Task to carry out
The entries below should be given again exactly, minus their pictures.
■ ■ ■ ■ ■
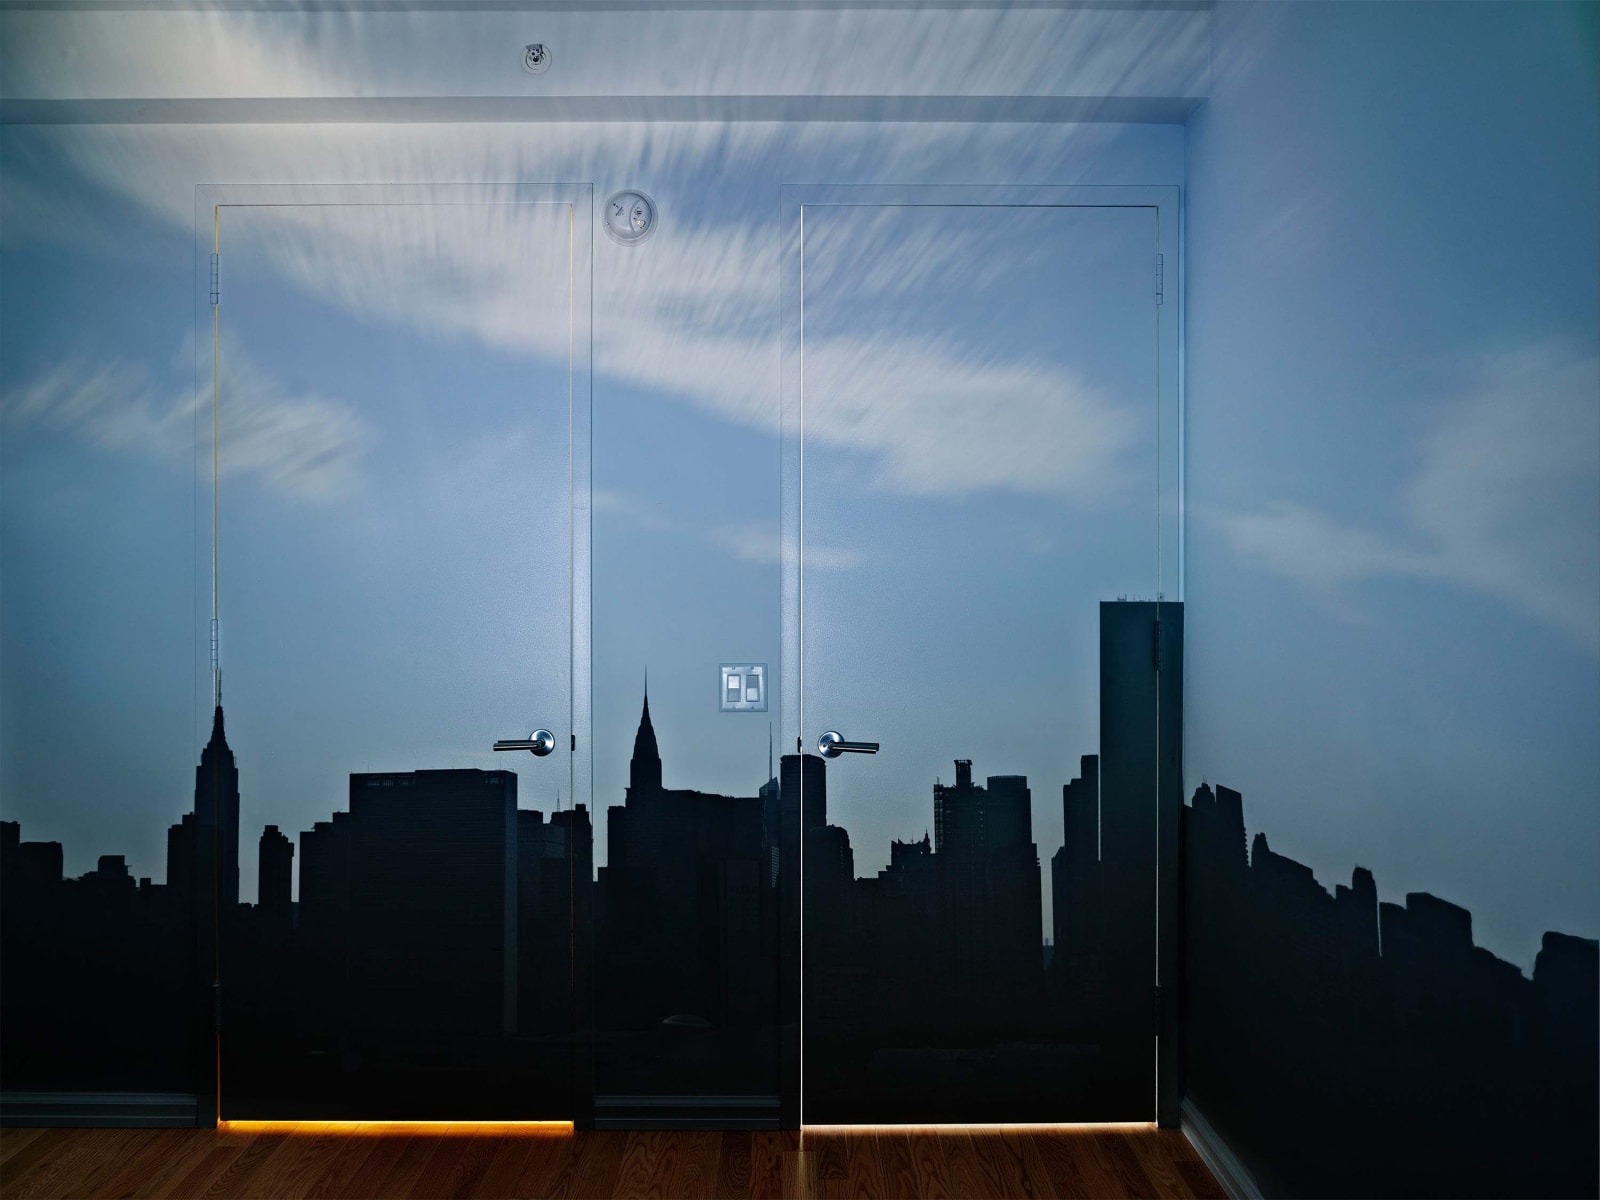 Abelardo Morell Camera Obscura Late Afternoon View of the East Side of Midtown Manhattan dark skyline silhouette projected in empty room with two doors
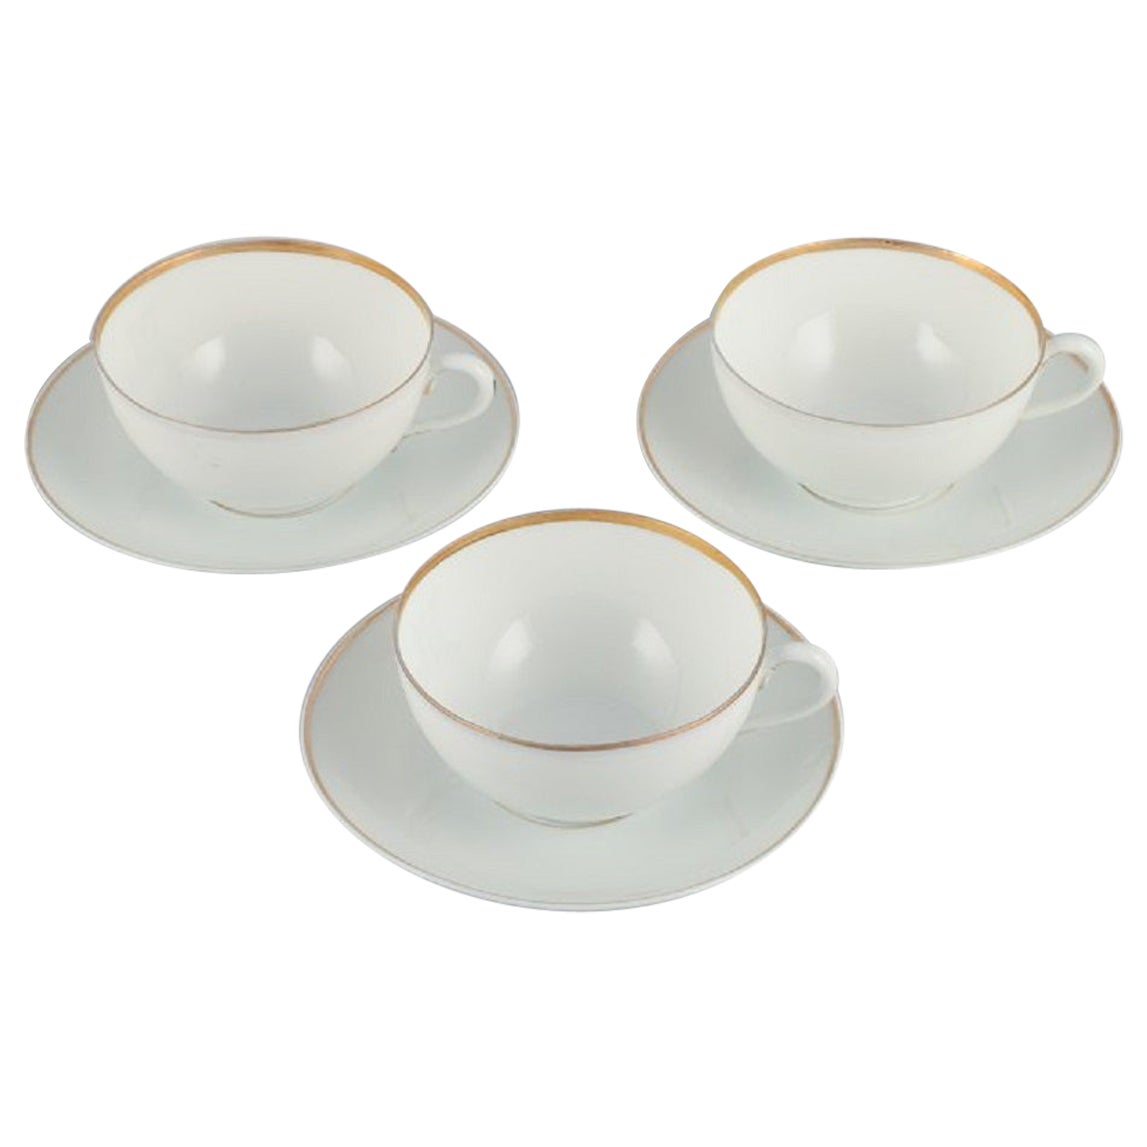 Rosenthal, Germany, Set of Three Large Teacups and Matching Porcelain Saucers For Sale
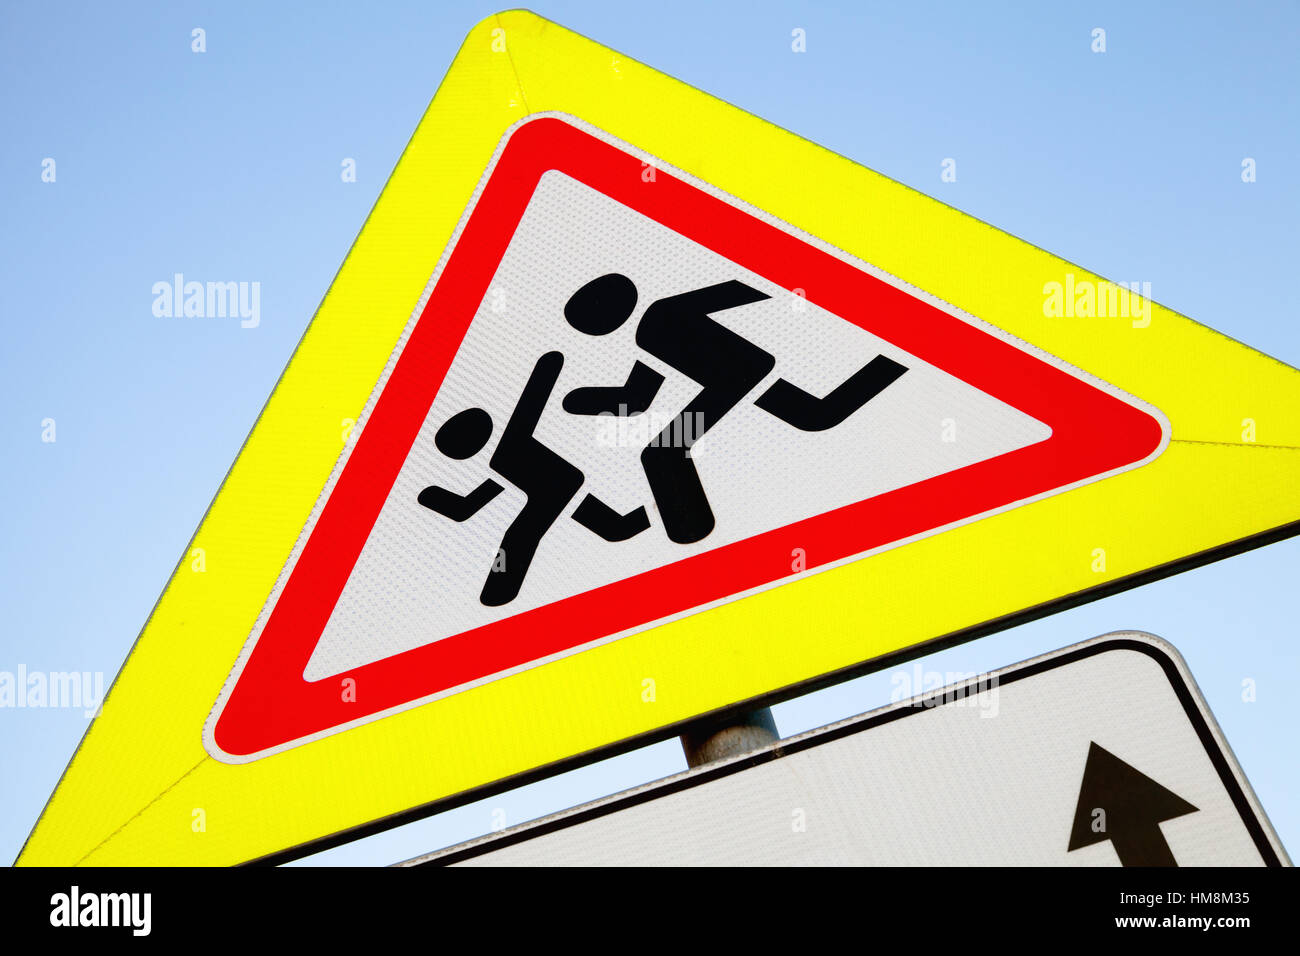 Caution children, Road sign in yellow frame over bright blue sky background Stock Photo
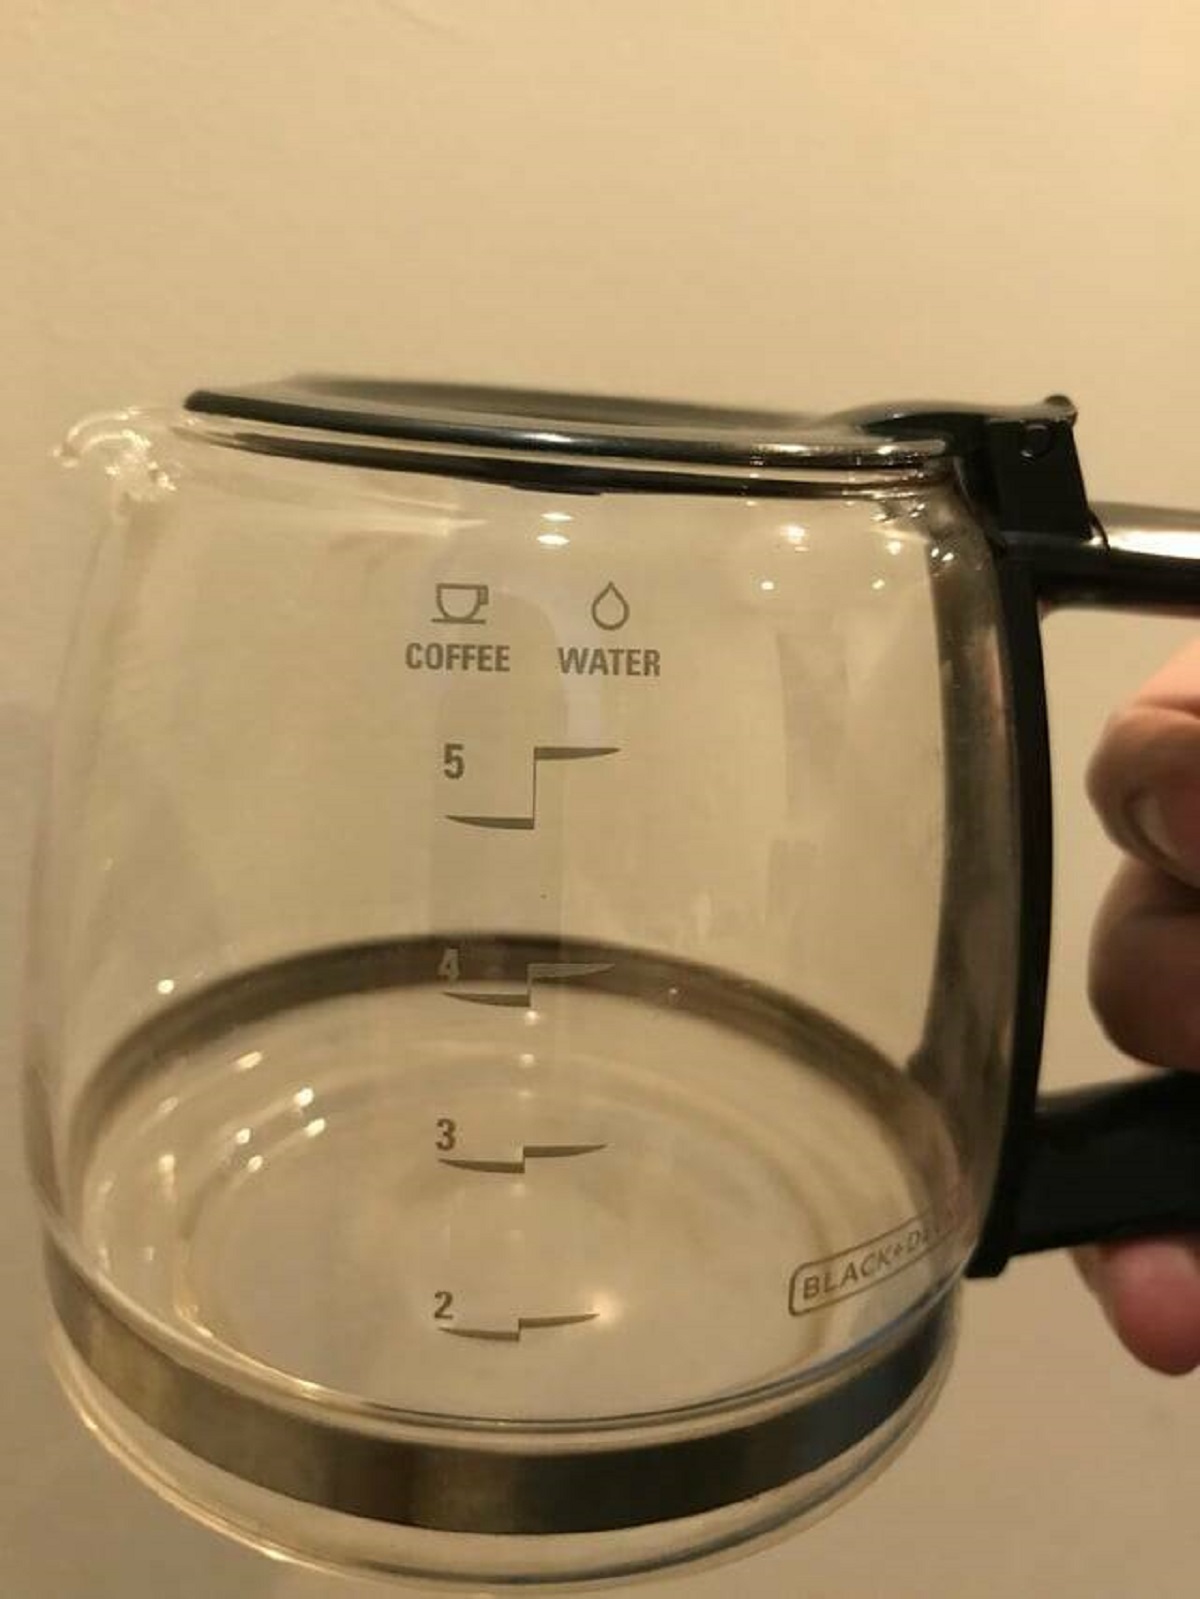 "Coffee pot shows different levels for water in vs coffee out"
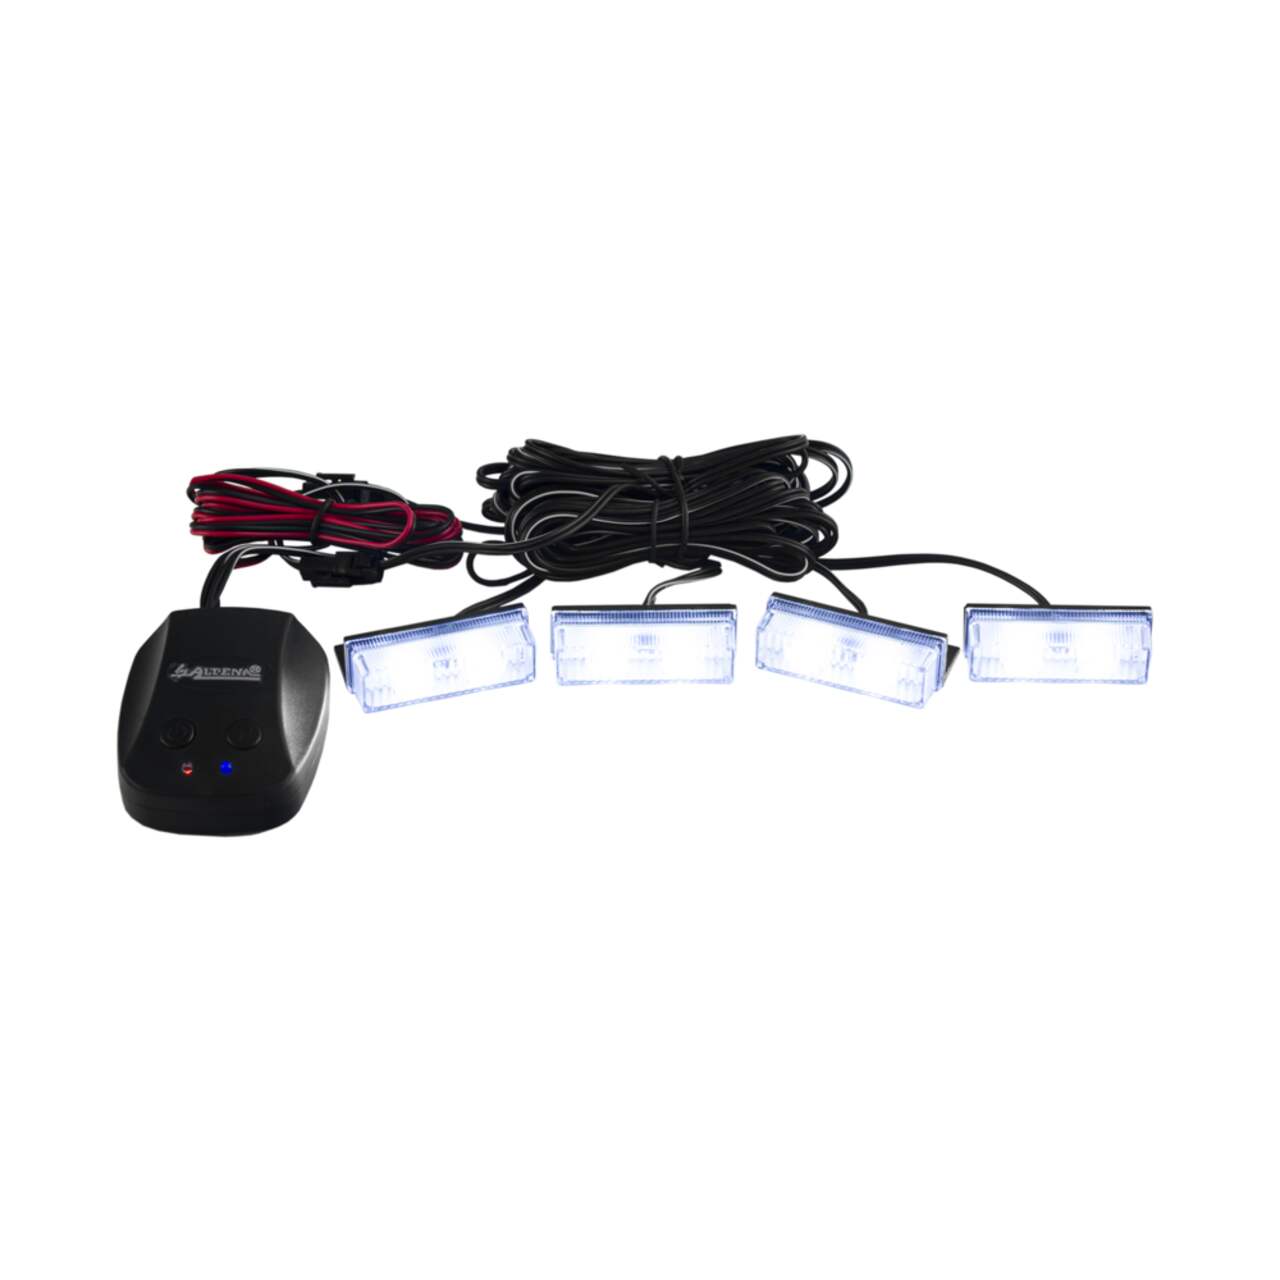 B-switcher buy now, price start from US $10.79
■ ■ ■ ■ ■
Your response
 Abelardo Morell Camera Obscura Late Afternoon View of the East Side of Midtown Manhattan dark skyline silhouette projected in empty room with two doors
 Rosenthal, Germany, Set of Three Large Teacups and Matching Porcelain Saucers For Sale
 Caution children, Road sign in yellow frame over bright blue sky background Stock Photo
 "Coffee pot shows different levels for water in vs coffee out"
 B-switcher buy now, price start from US $10.79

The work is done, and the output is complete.